Work to be completed:
Each line from the one holding "Нарядный сарафан для" to the last line of the listing must be set down exactly. No pictures are to be included.

Information supplied:
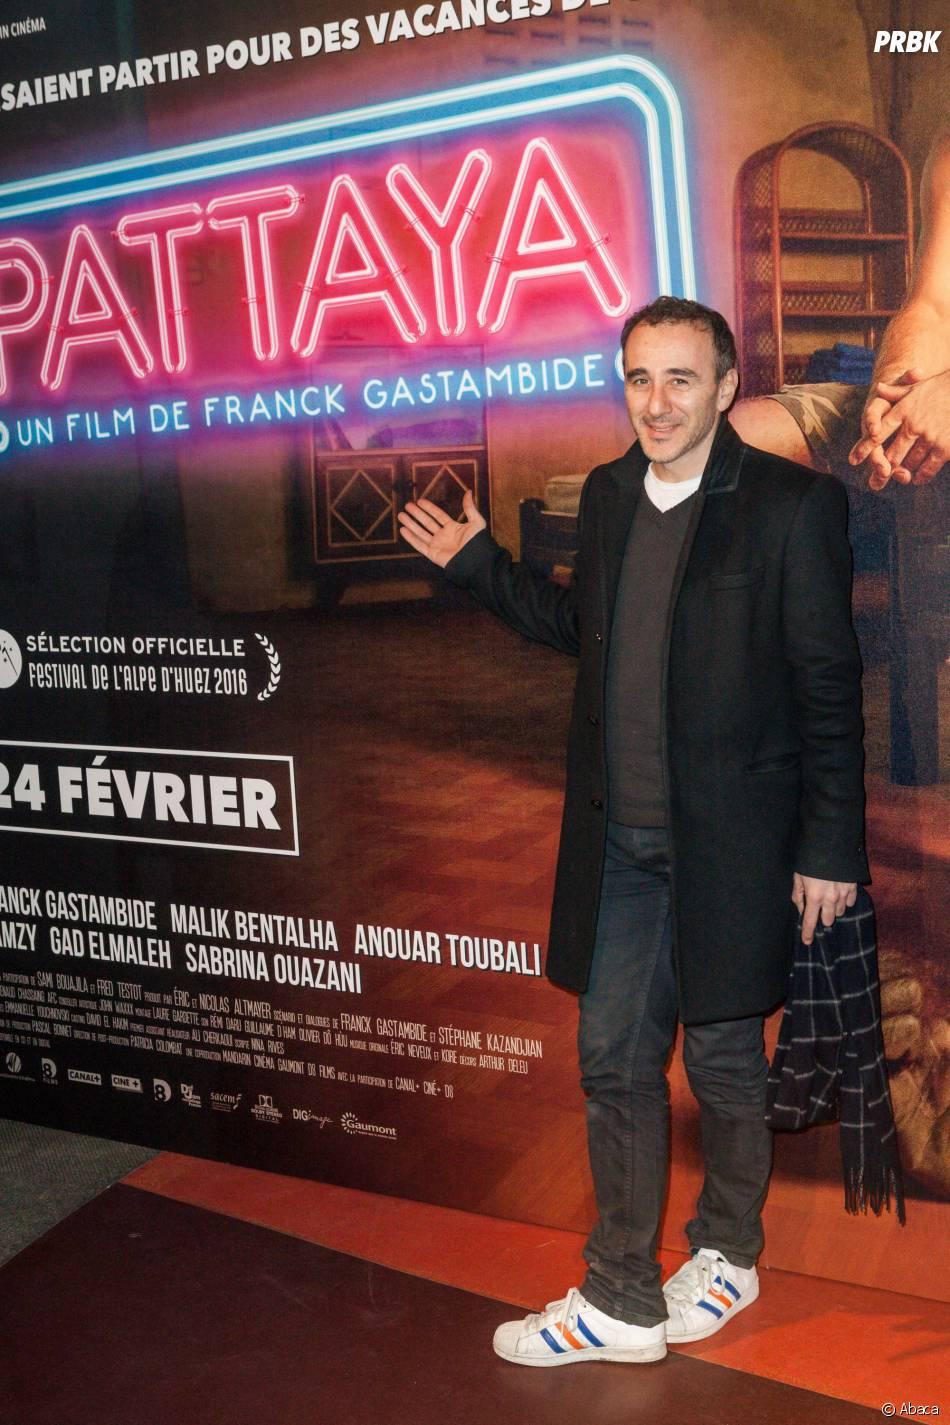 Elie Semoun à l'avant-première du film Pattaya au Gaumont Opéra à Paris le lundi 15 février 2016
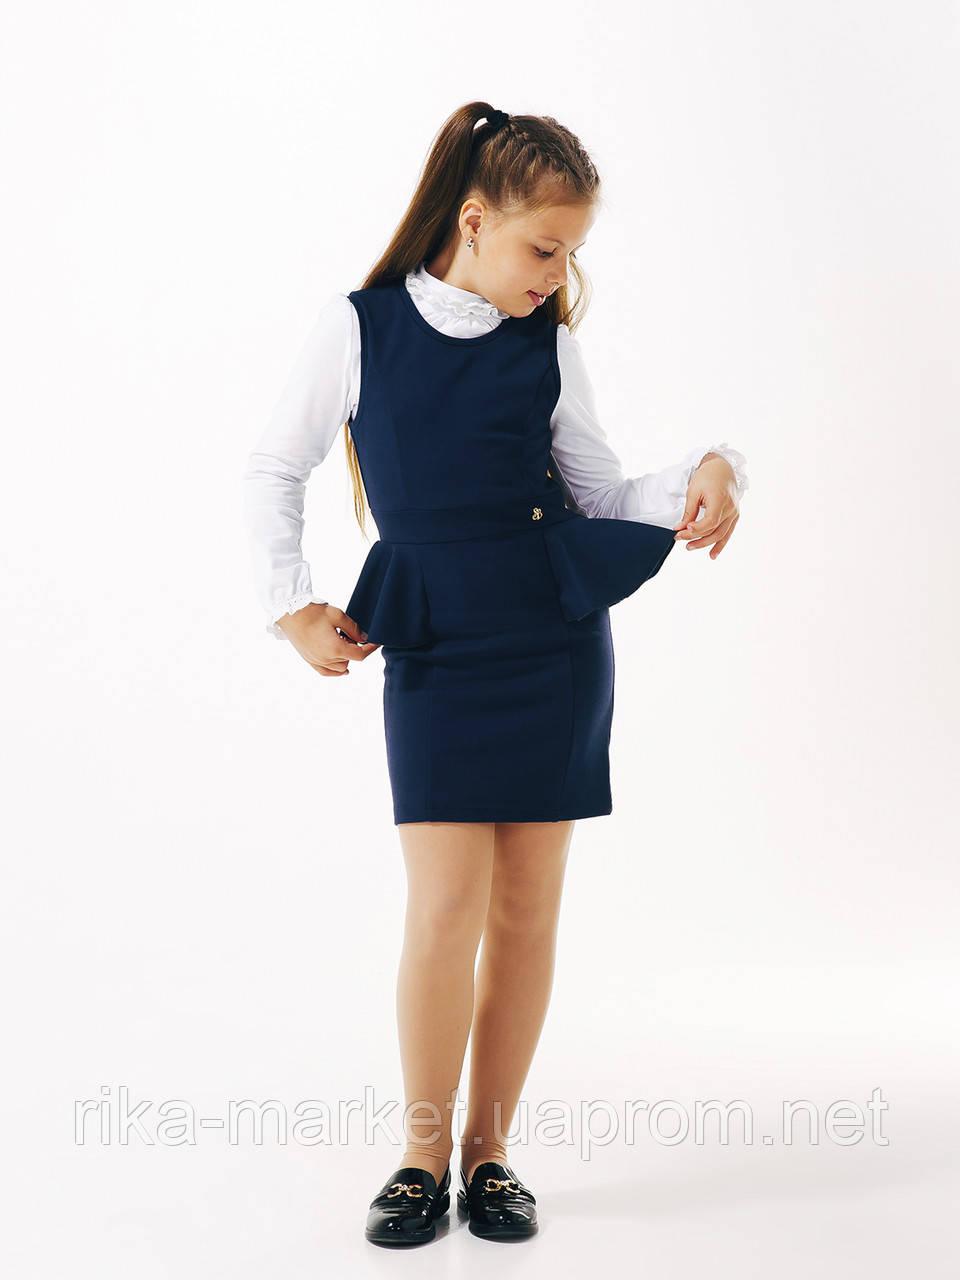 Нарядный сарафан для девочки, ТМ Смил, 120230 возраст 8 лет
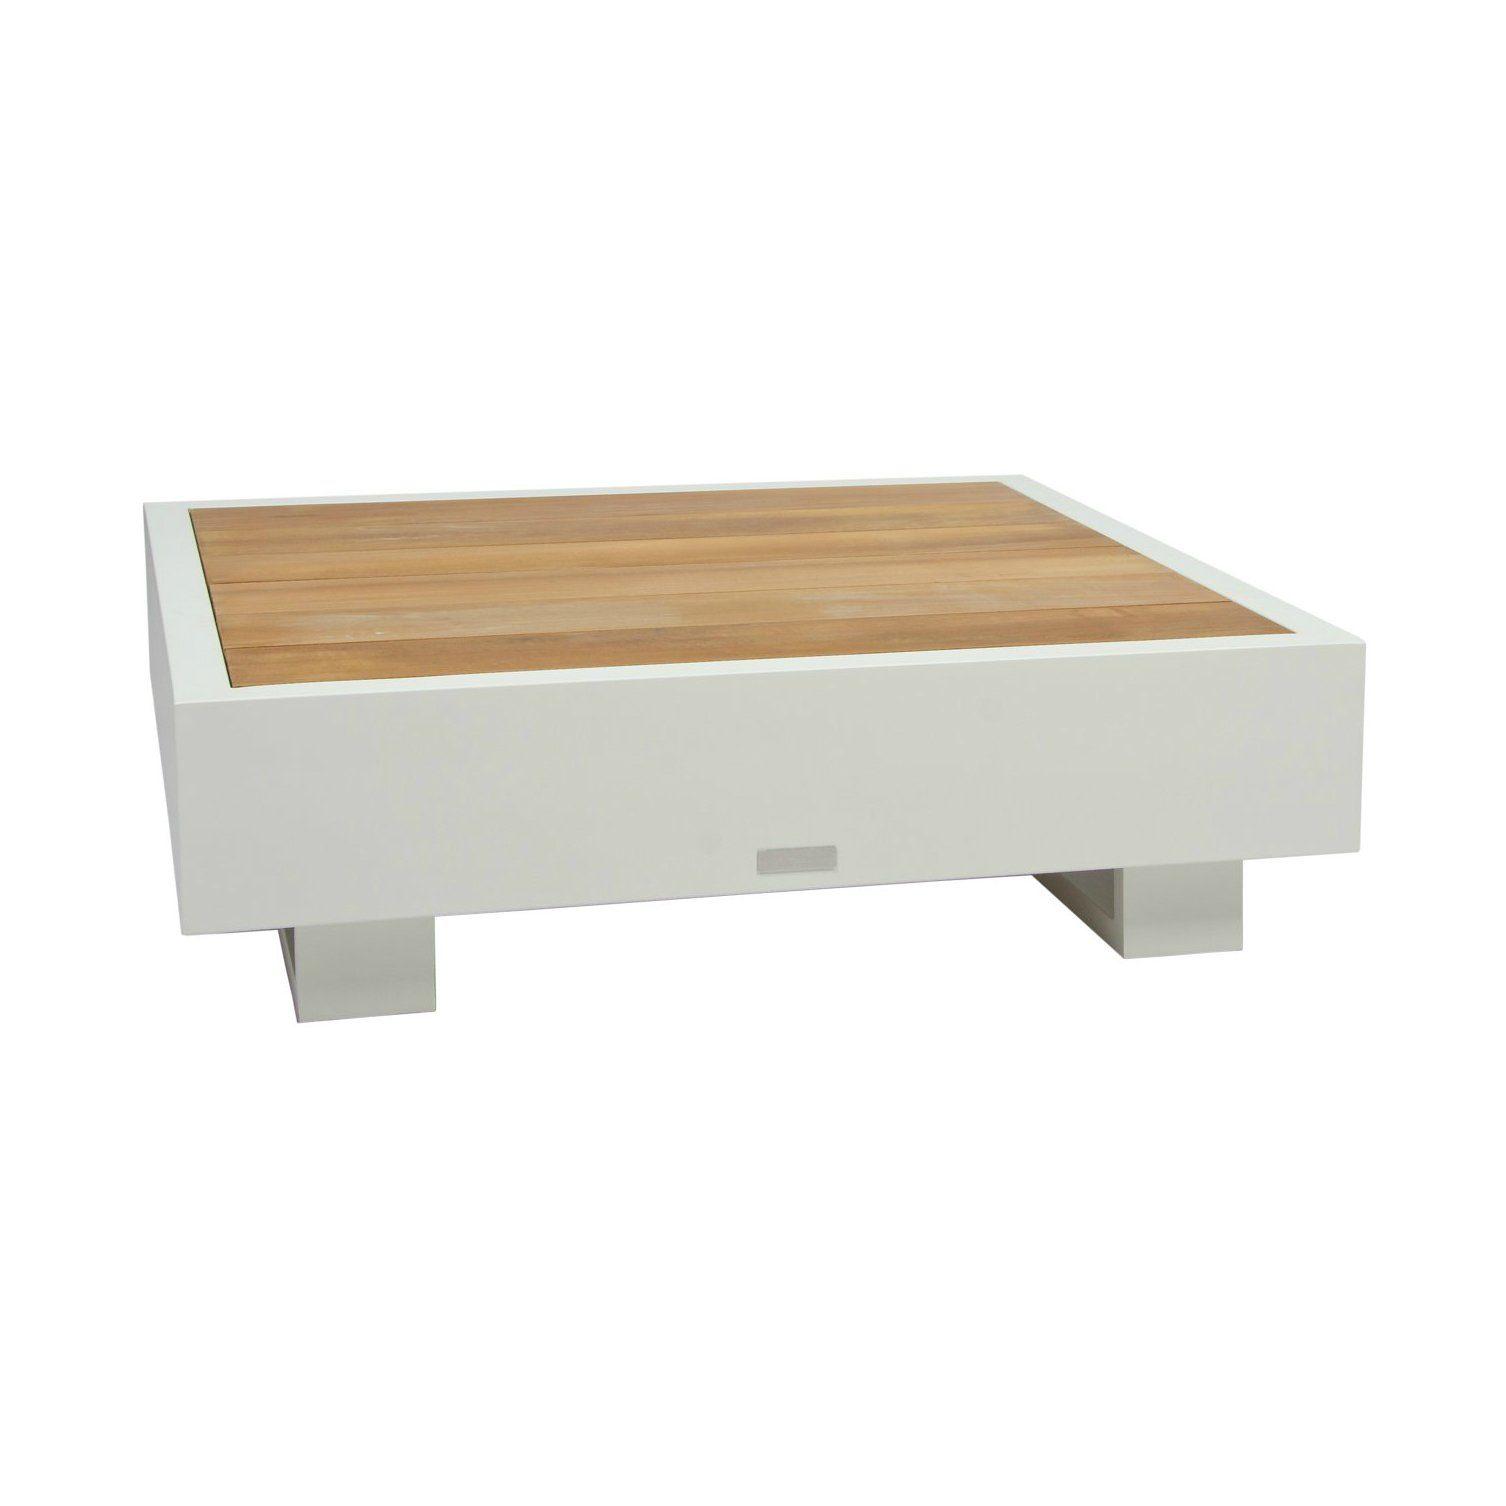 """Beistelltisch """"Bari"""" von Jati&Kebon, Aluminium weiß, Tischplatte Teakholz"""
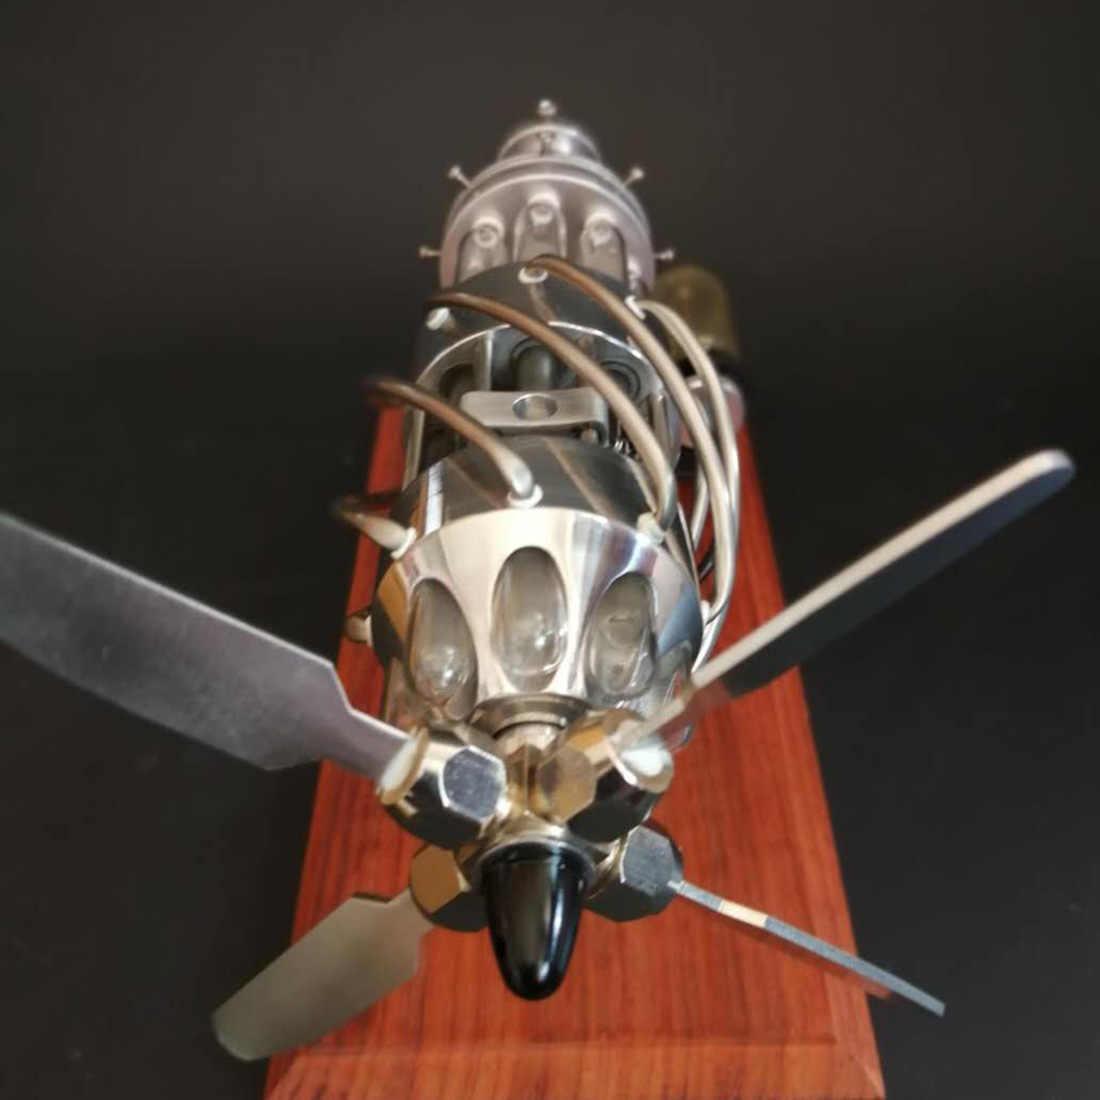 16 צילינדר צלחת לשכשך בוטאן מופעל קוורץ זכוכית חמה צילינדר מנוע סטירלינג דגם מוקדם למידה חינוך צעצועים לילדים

Result of this exercise:
 Нарядный сарафан для девочки, ТМ Смил, 120230 возраст 8 лет
 """Beistelltisch """"Bari"""" von Jati&Kebon, Aluminium weiß, Tischplatte Teakholz"""
 16 צילינדר צלחת לשכשך בוטאן מופעל קוורץ זכוכית חמה צילינדר מנוע סטירלינג דגם מוקדם למידה חינוך צעצועים לילדים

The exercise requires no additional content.